··· DATA EXTRACT

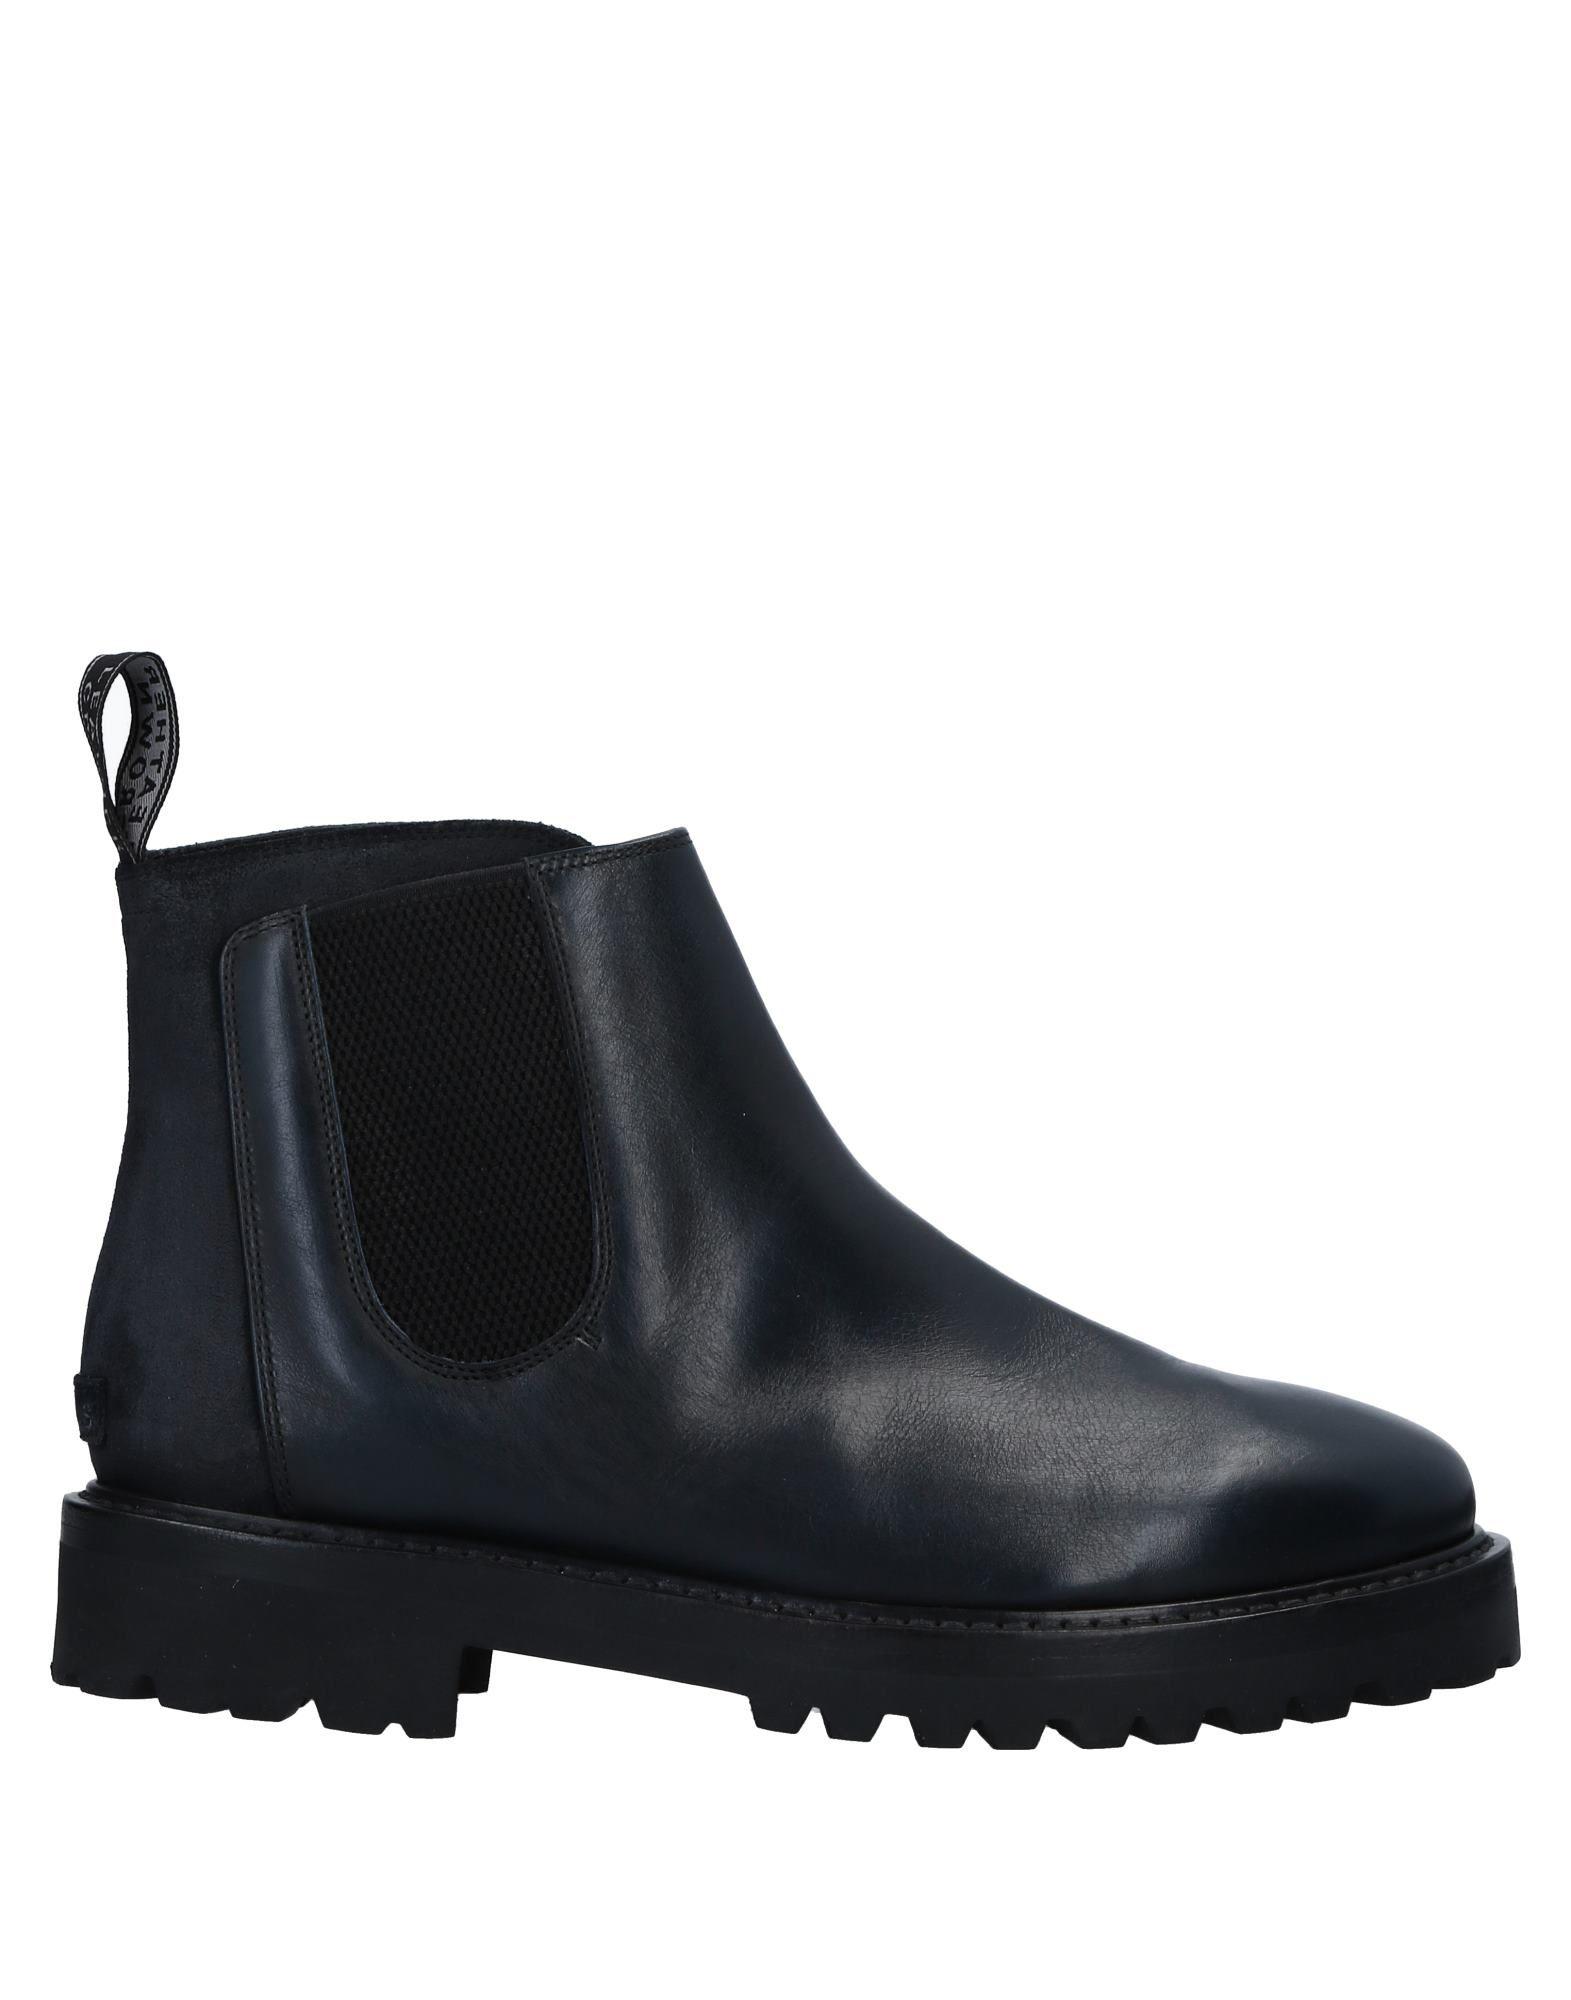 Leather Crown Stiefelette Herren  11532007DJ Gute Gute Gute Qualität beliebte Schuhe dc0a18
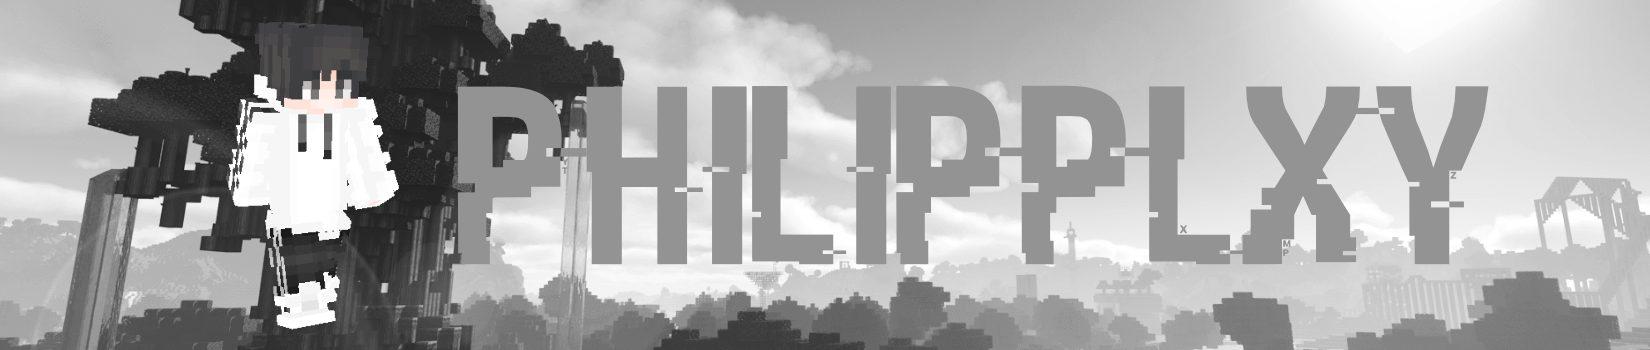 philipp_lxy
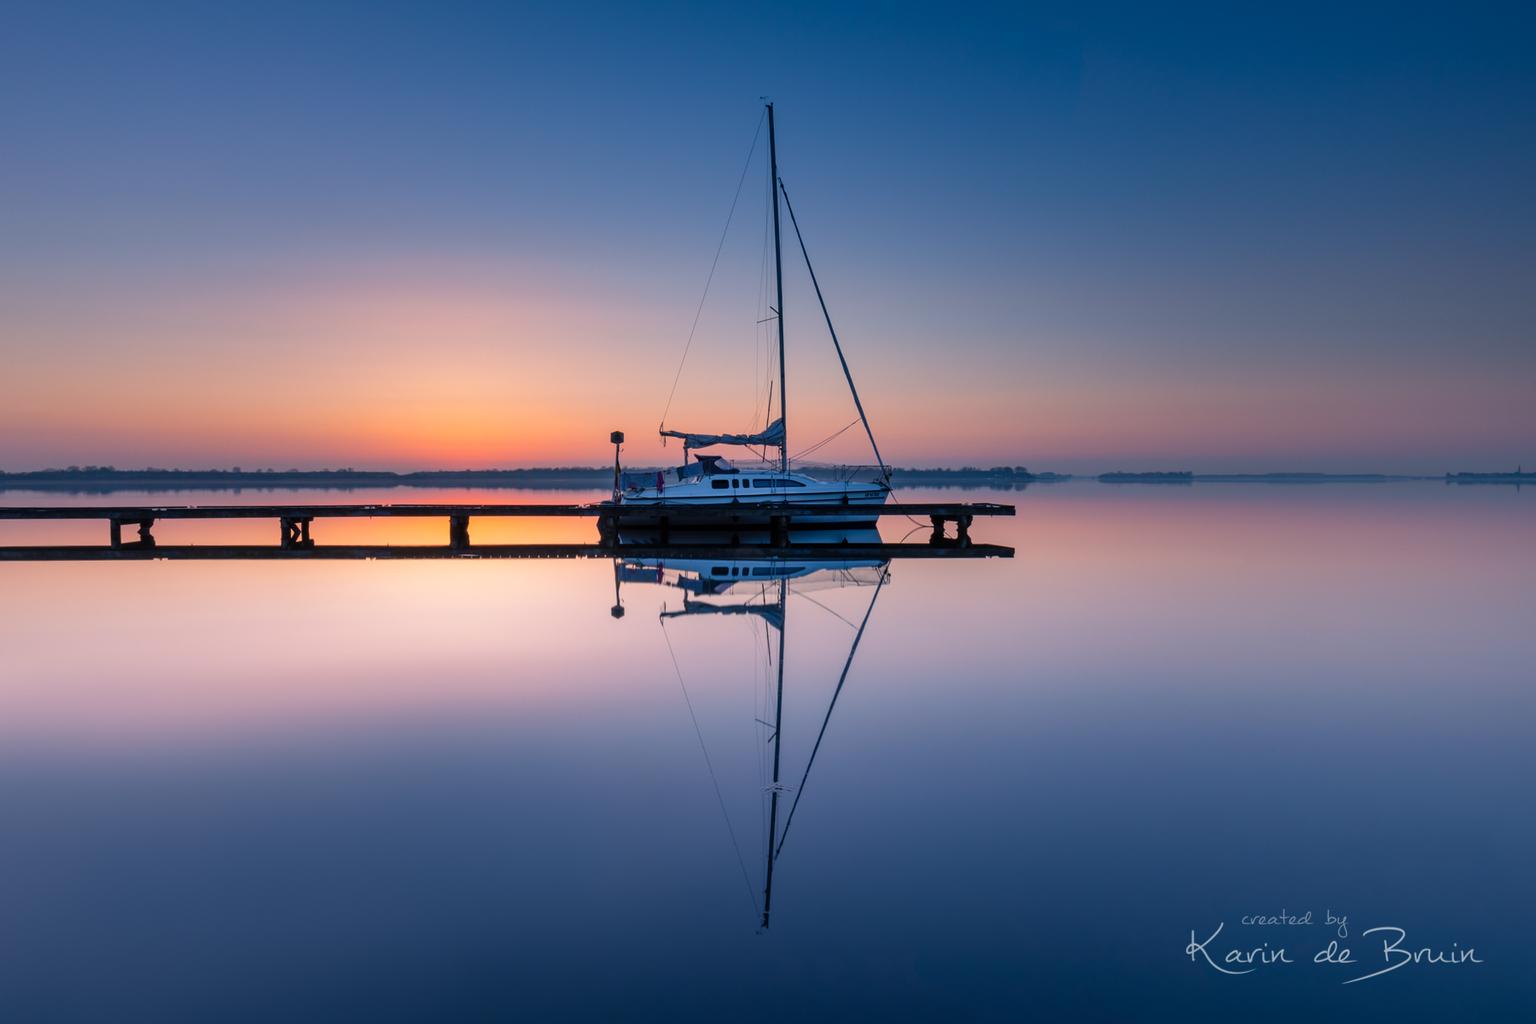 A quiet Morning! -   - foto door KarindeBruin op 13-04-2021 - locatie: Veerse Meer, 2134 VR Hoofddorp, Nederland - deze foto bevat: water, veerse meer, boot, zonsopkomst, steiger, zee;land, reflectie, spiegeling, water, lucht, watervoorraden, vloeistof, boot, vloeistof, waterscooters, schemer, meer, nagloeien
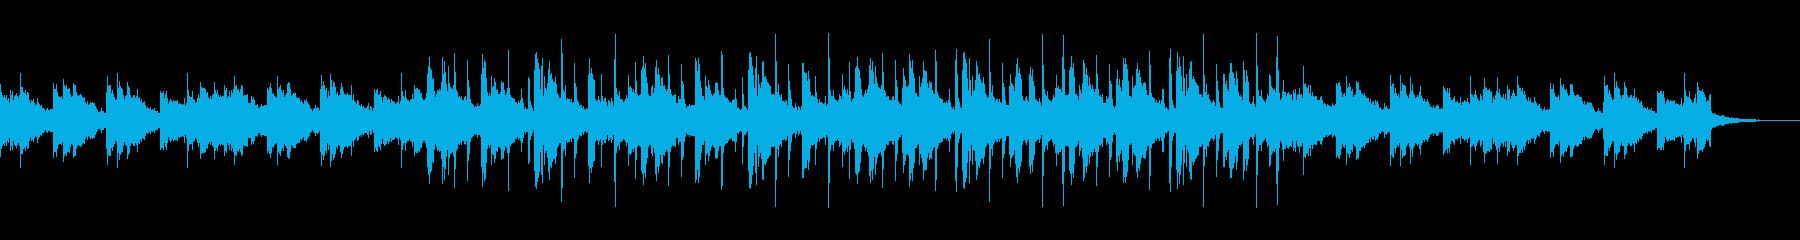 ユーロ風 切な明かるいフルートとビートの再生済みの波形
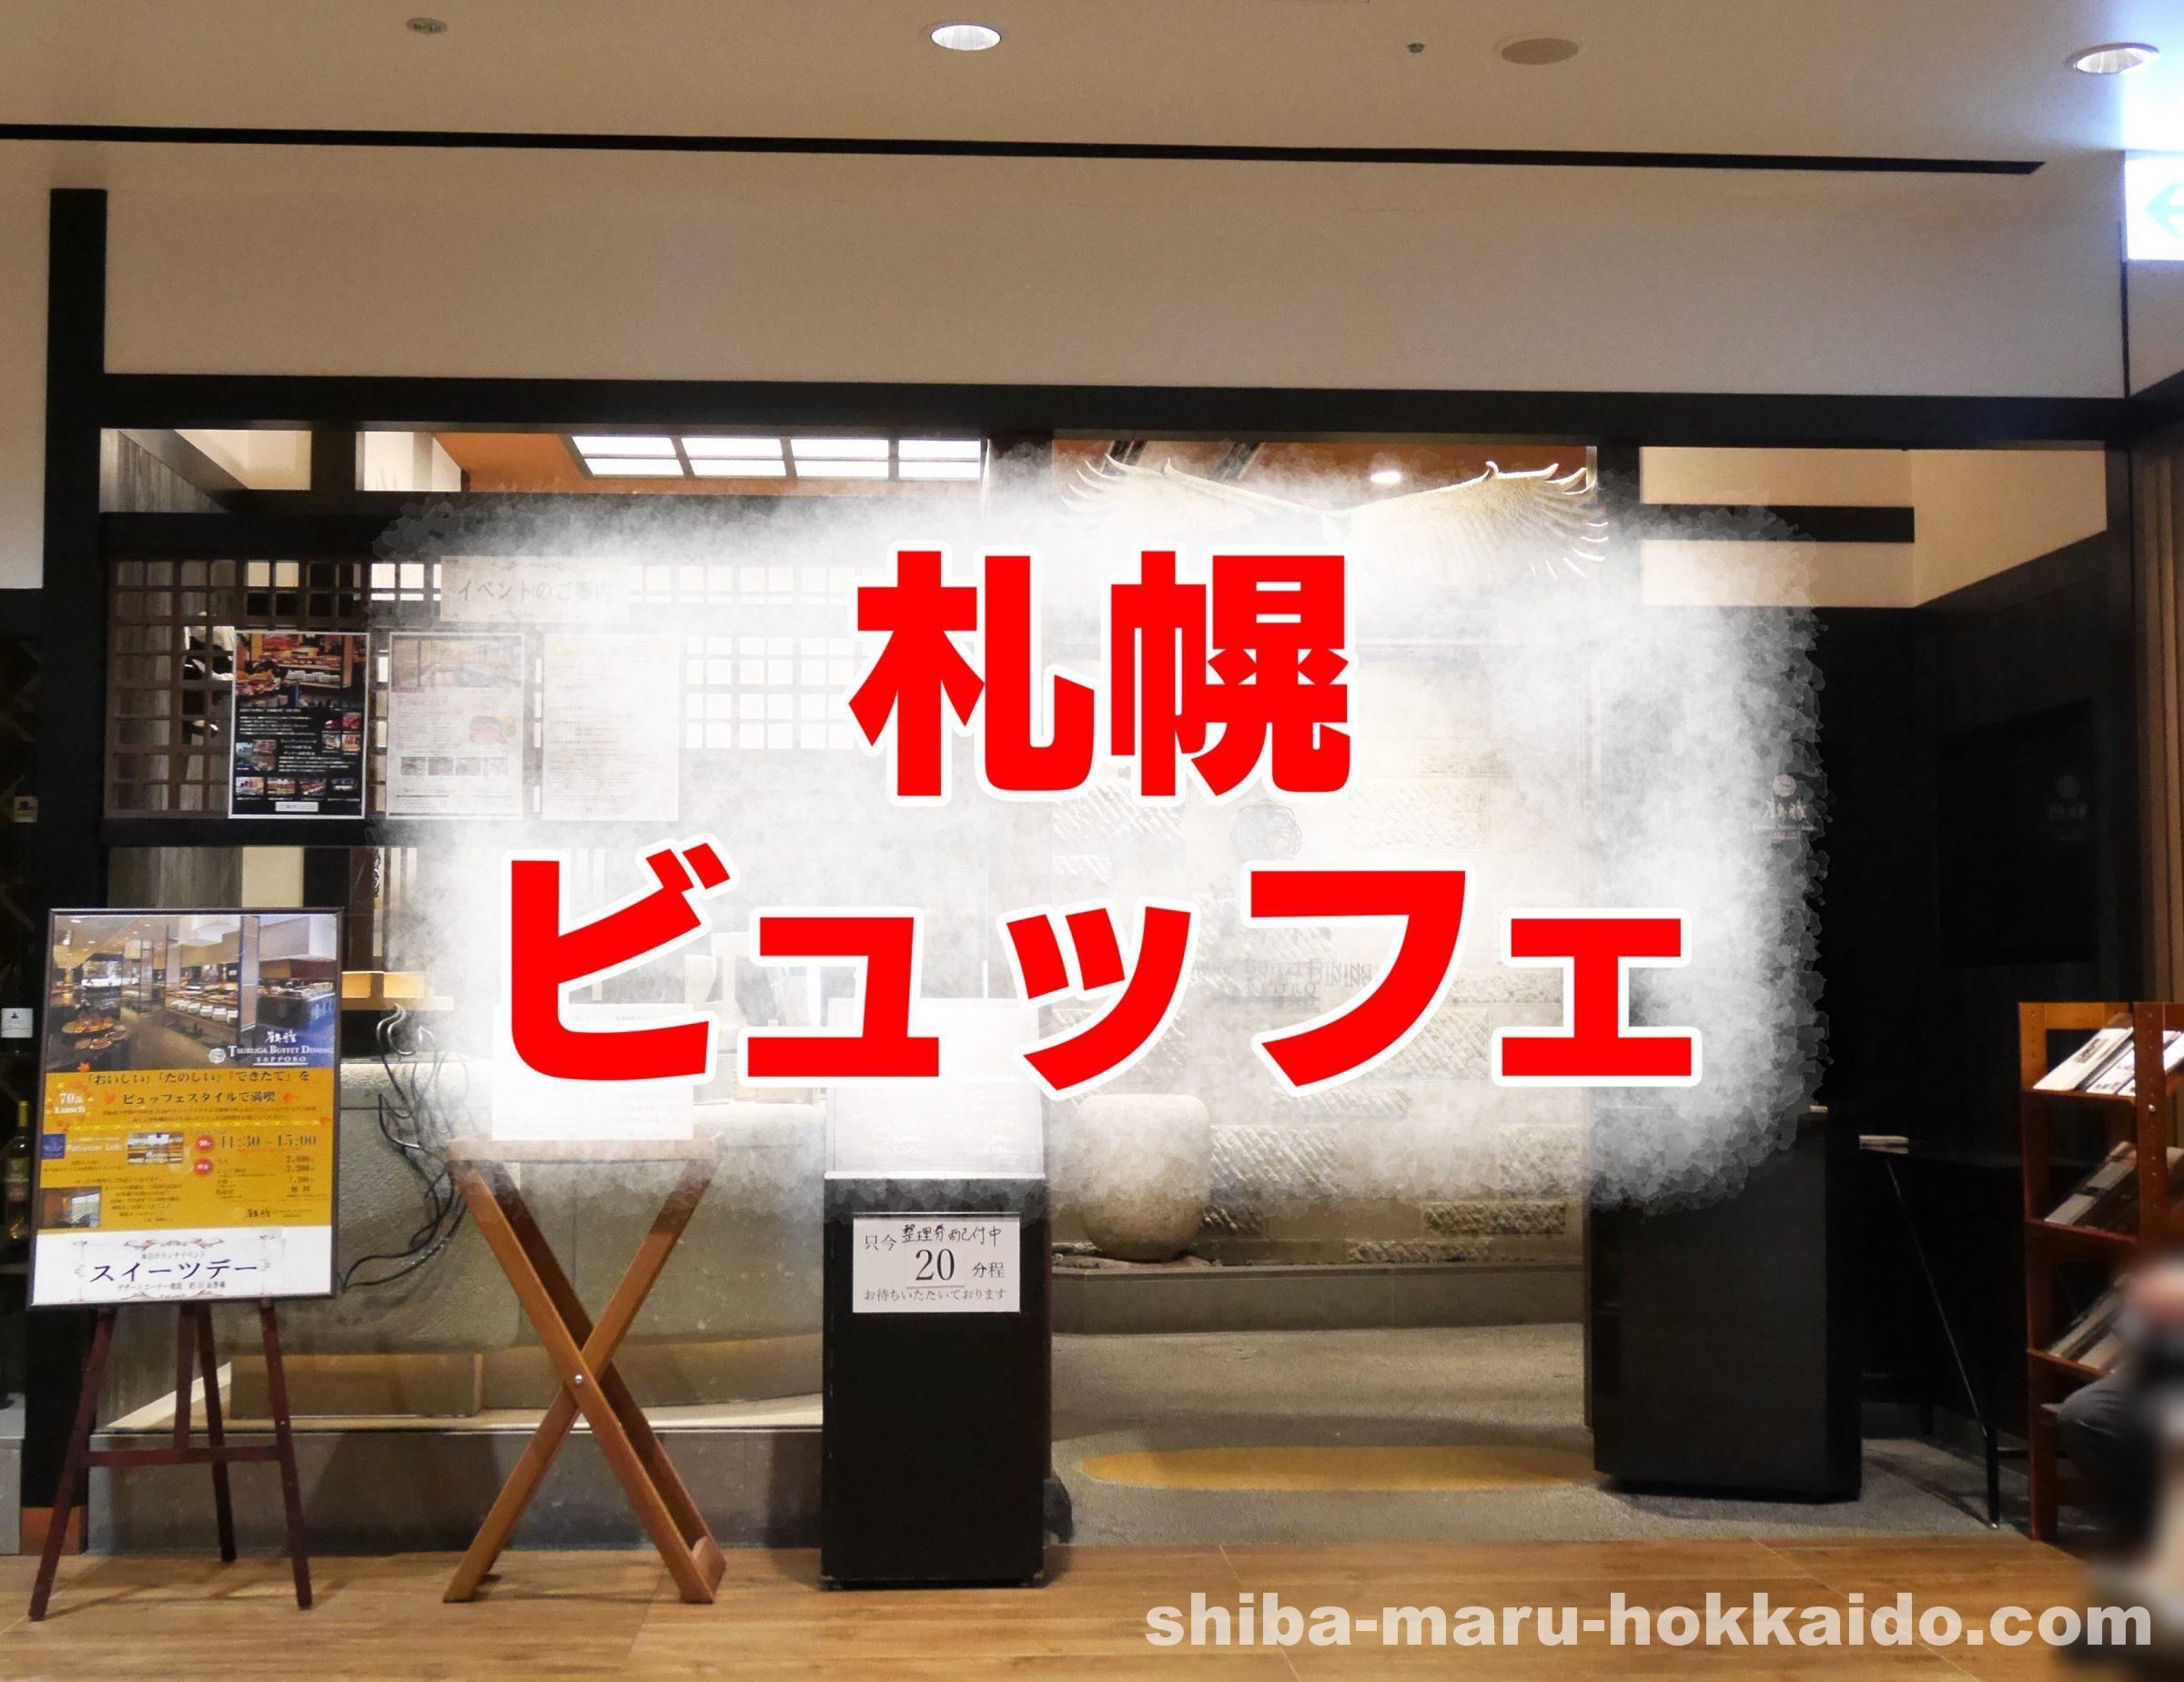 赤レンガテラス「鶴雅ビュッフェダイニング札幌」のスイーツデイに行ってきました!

······

ABOUT THIS TASK ▸ No images belong in the copy. Transcribe every record exactly.

RESPONSE AREA ▸
 Leather Crown Stiefelette Herren  11532007DJ Gute Gute Gute Qualität beliebte Schuhe dc0a18
 philipp_lxy
 A quiet Morning! -   - foto door KarindeBruin op 13-04-2021 - locatie: Veerse Meer, 2134 VR Hoofddorp, Nederland - deze foto bevat: water, veerse meer, boot, zonsopkomst, steiger, zee;land, reflectie, spiegeling, water, lucht, watervoorraden, vloeistof, boot, vloeistof, waterscooters, schemer, meer, nagloeien
 ユーロ風 切な明かるいフルートとビートの再生済みの波形
 赤レンガテラス「鶴雅ビュッフェダイニング札幌」のスイーツデイに行ってきました!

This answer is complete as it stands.